__Task statement__
Look below for the line with "Brickwall médiévale clocher" and the line with "Verzadigen Uitdrukkelijk stap". Copy exactly those two lines and every line between, but not the pictures.

__Extracted entries__

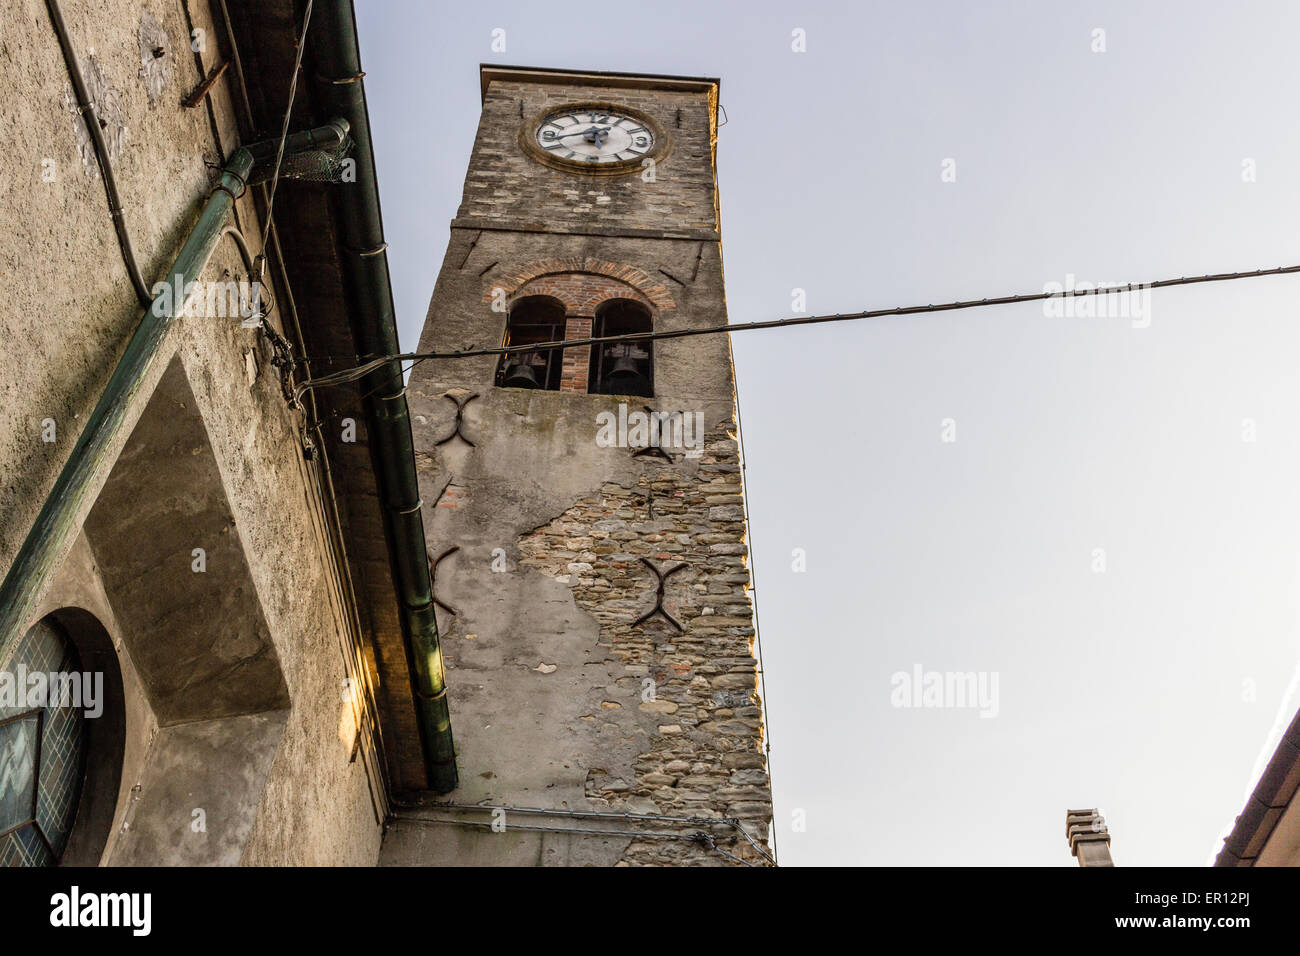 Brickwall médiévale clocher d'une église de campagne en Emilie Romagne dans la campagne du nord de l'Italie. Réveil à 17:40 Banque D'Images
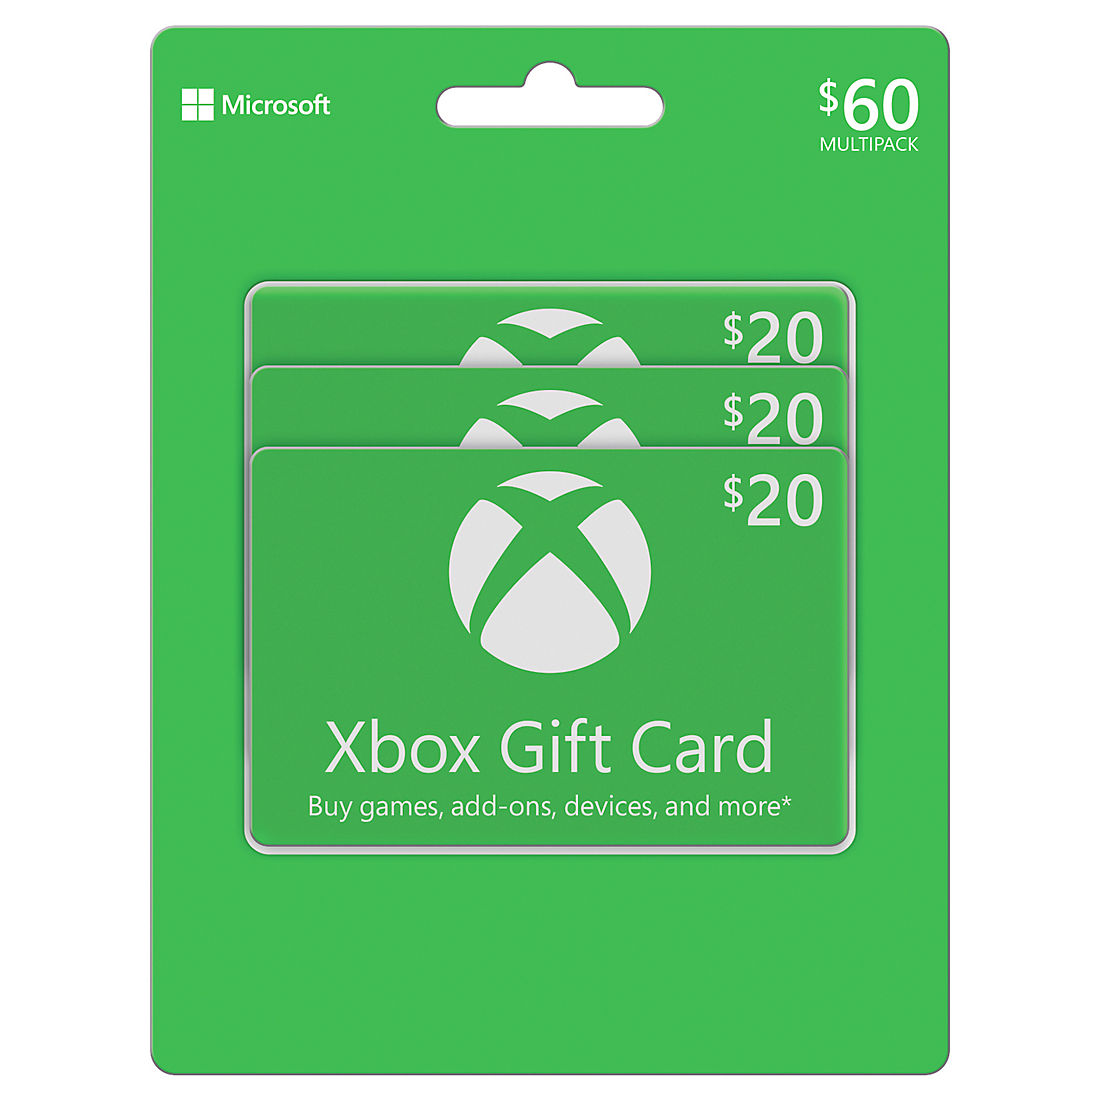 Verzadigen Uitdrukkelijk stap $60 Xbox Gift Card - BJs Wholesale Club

==

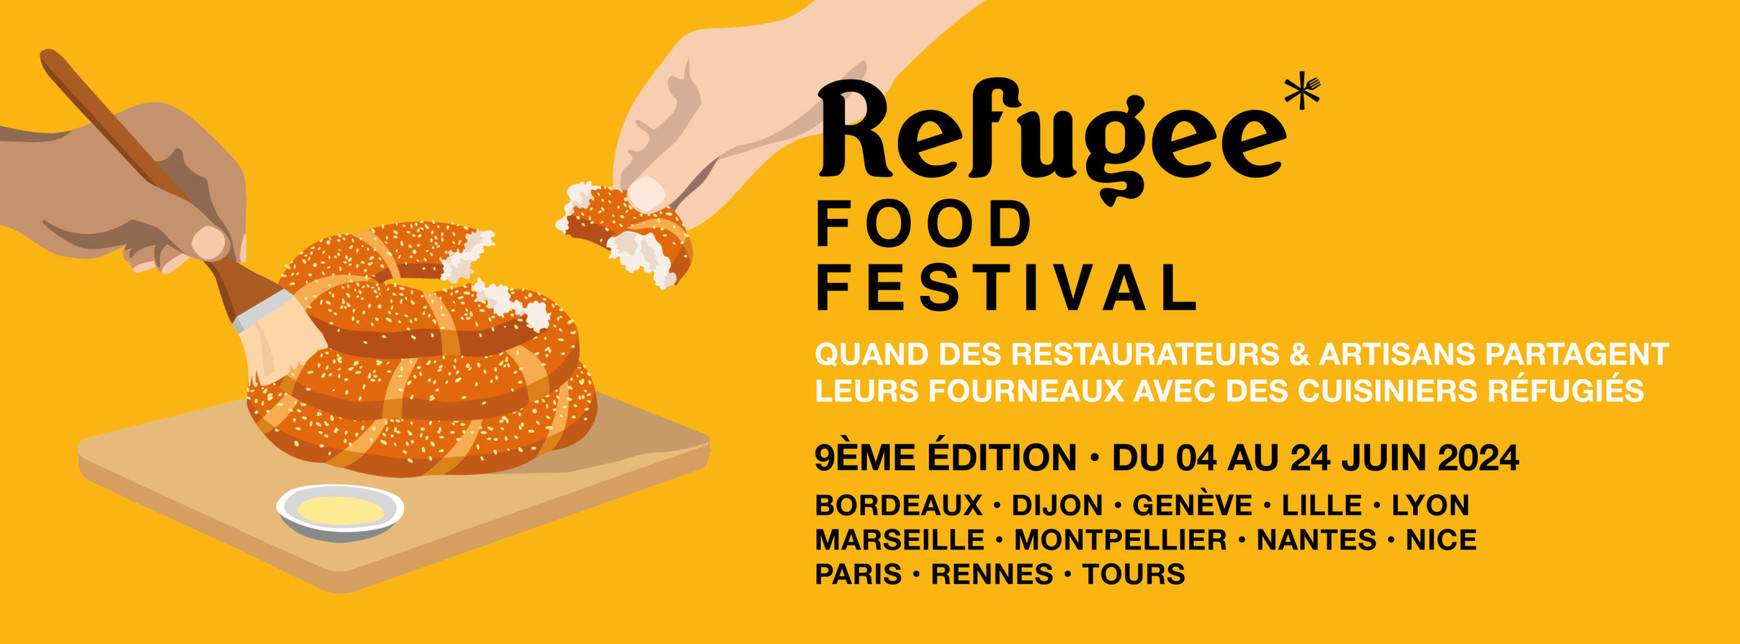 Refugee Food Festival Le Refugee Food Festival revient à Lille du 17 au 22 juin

==

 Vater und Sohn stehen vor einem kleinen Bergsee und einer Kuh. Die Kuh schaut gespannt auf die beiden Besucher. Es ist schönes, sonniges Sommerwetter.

__Answer section__
 Brickwall médiévale clocher d'une église de campagne en Emilie Romagne dans la campagne du nord de l'Italie. Réveil à 17:40 Banque D'Images
 Verzadigen Uitdrukkelijk stap $60 Xbox Gift Card - BJs Wholesale Club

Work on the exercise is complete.